In this example we'll work with M67.

M67 open clusters¶

First, make sure you have the data stored locally. Here are instructions on how to download it.

In [2]:

# modify this to refelt the directory path on your system
data_path = "/Users/jorgemarpa/Work/BAERI/ADAP/data/k2/superstamps/m67"
m67_fnames = sorted(glob.glob(
    f"{data_path}/hlsp_k2superstamp_k2_photometer_c5-m67-*_kepler_v1_image.fits"))

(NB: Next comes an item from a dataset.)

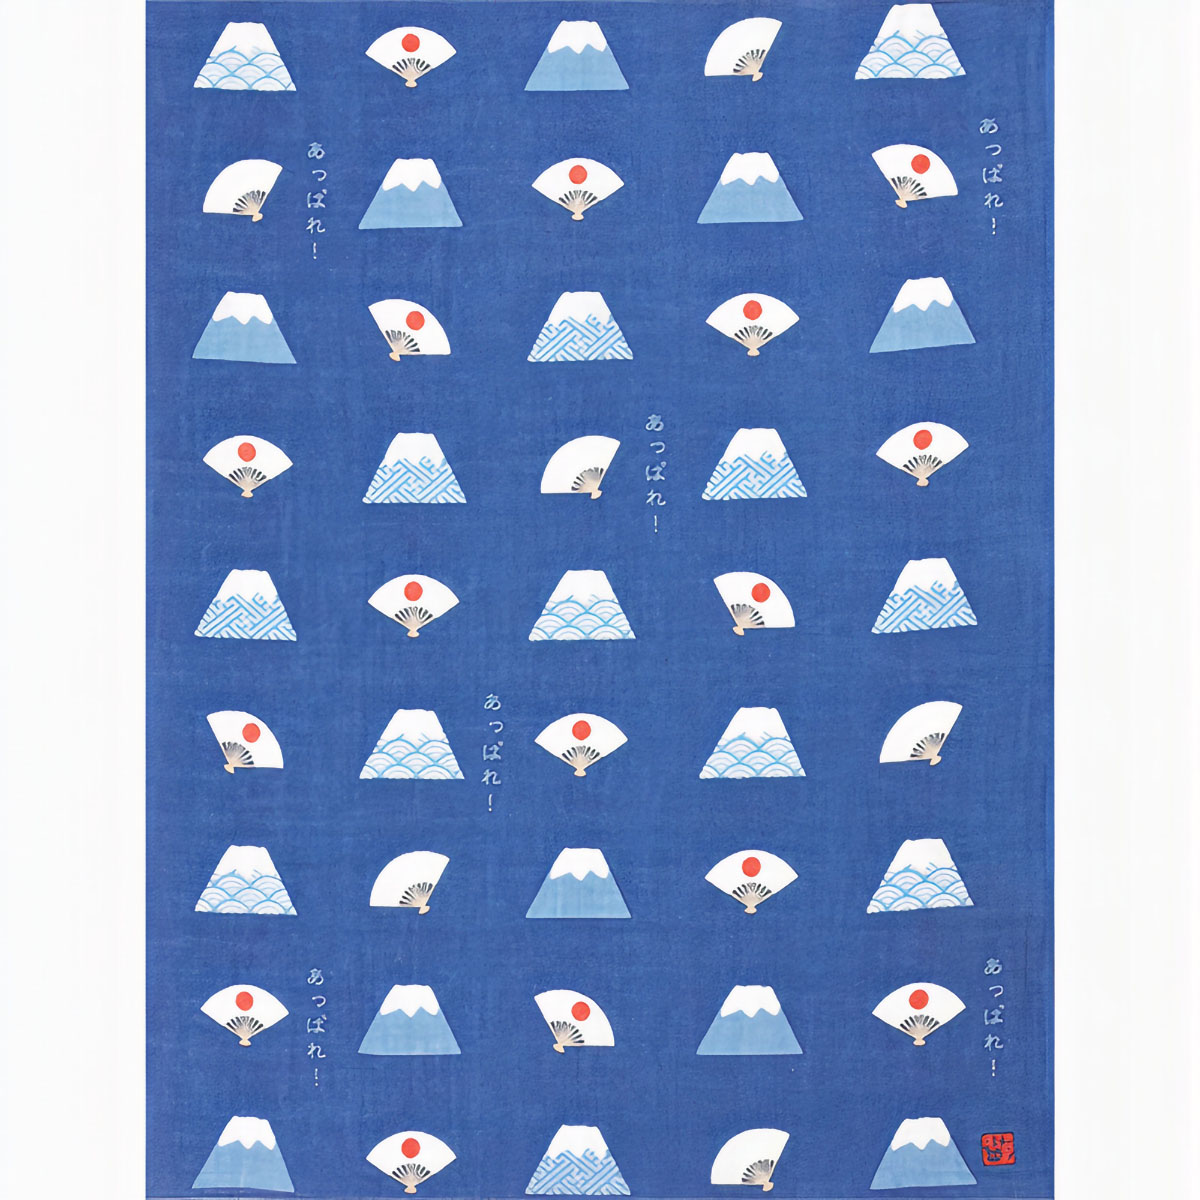 Japanese cotton handkerchief with Mont Fuji pattern, Appreciate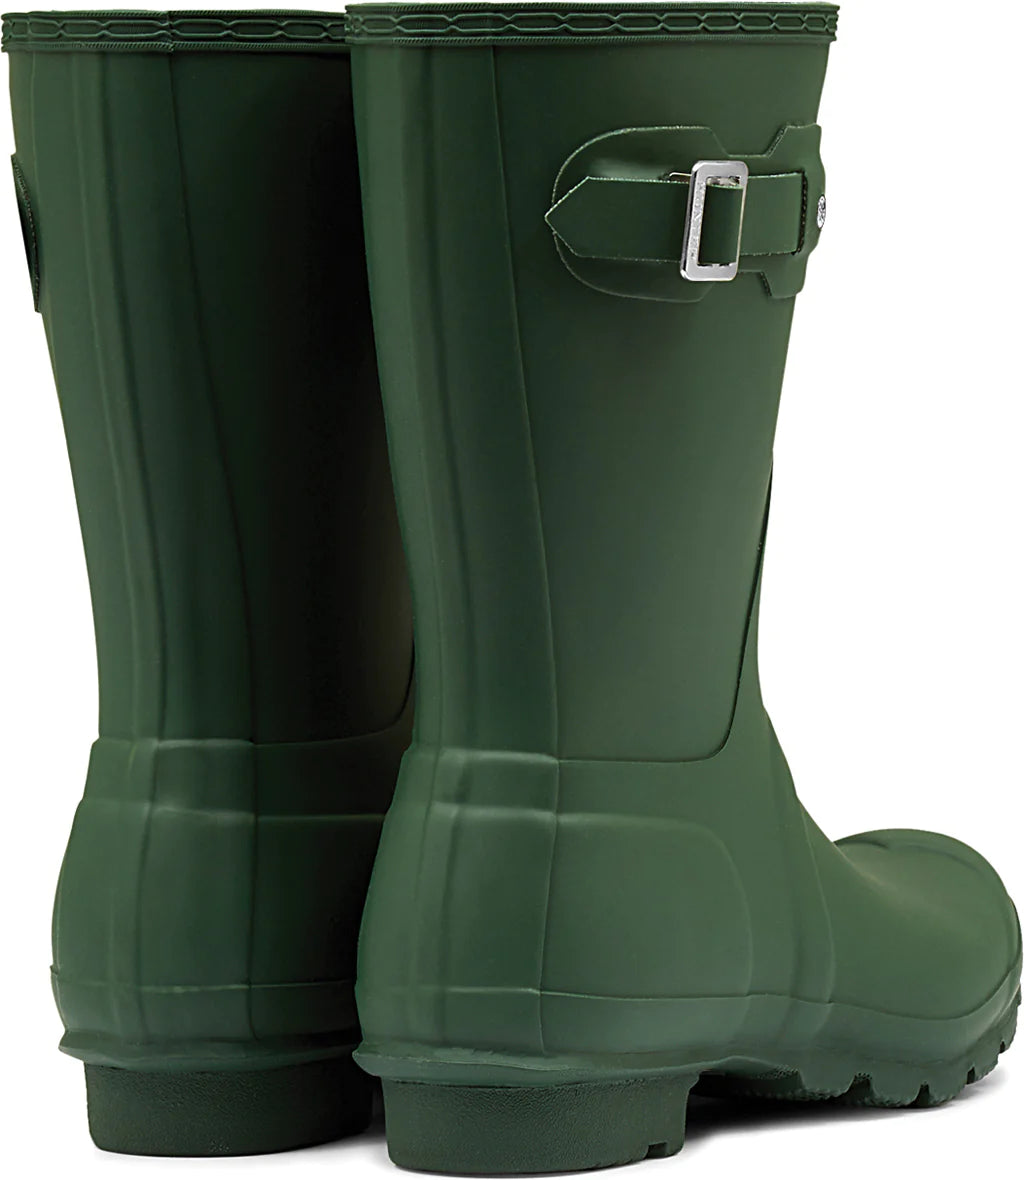 HUNTER Original Short Rain Boots - Green (US 6)

Each FITS file contains a single cadence (epoch), here's and example of the file content

In [3]:

m67_hdu = fits.open(m67_fnames[1])
m67_hdu.info()

Filename: /Users/jorgemarpa/Work/BAERI/ADAP/data/k2/superstamps/m67/hlsp_k2superstamp_k2_photometer_c5-m67-bjd2457139.6315_kepler_v1_image.fits
No.    Name      Ver    Type      Cards   Dimensions   Format
  0  PRIMARY       1 PrimaryHDU     176   (400, 400)   float32

Create a `SSMachine` object¶

The SSMachine module has the static method SSMachine.from_file that allows us to load a stack of FITS files. We just have to provide the path to each FITS file as a list and other parameters such as:

magnitude_limit: the limiting magnitude to query Gaia catalog
dr: which is the Gaia Data Release, if 3 then uses EDR3
sources: a Pandas DataFrame with the source catalog. This will avoid querying Gaia.
cutout_size: the size of the square cutout in pixels.
cutout_origin: the origin of the cutout in matrix indexing.
Other **kwargs that define model parameters in Machine, see here for details.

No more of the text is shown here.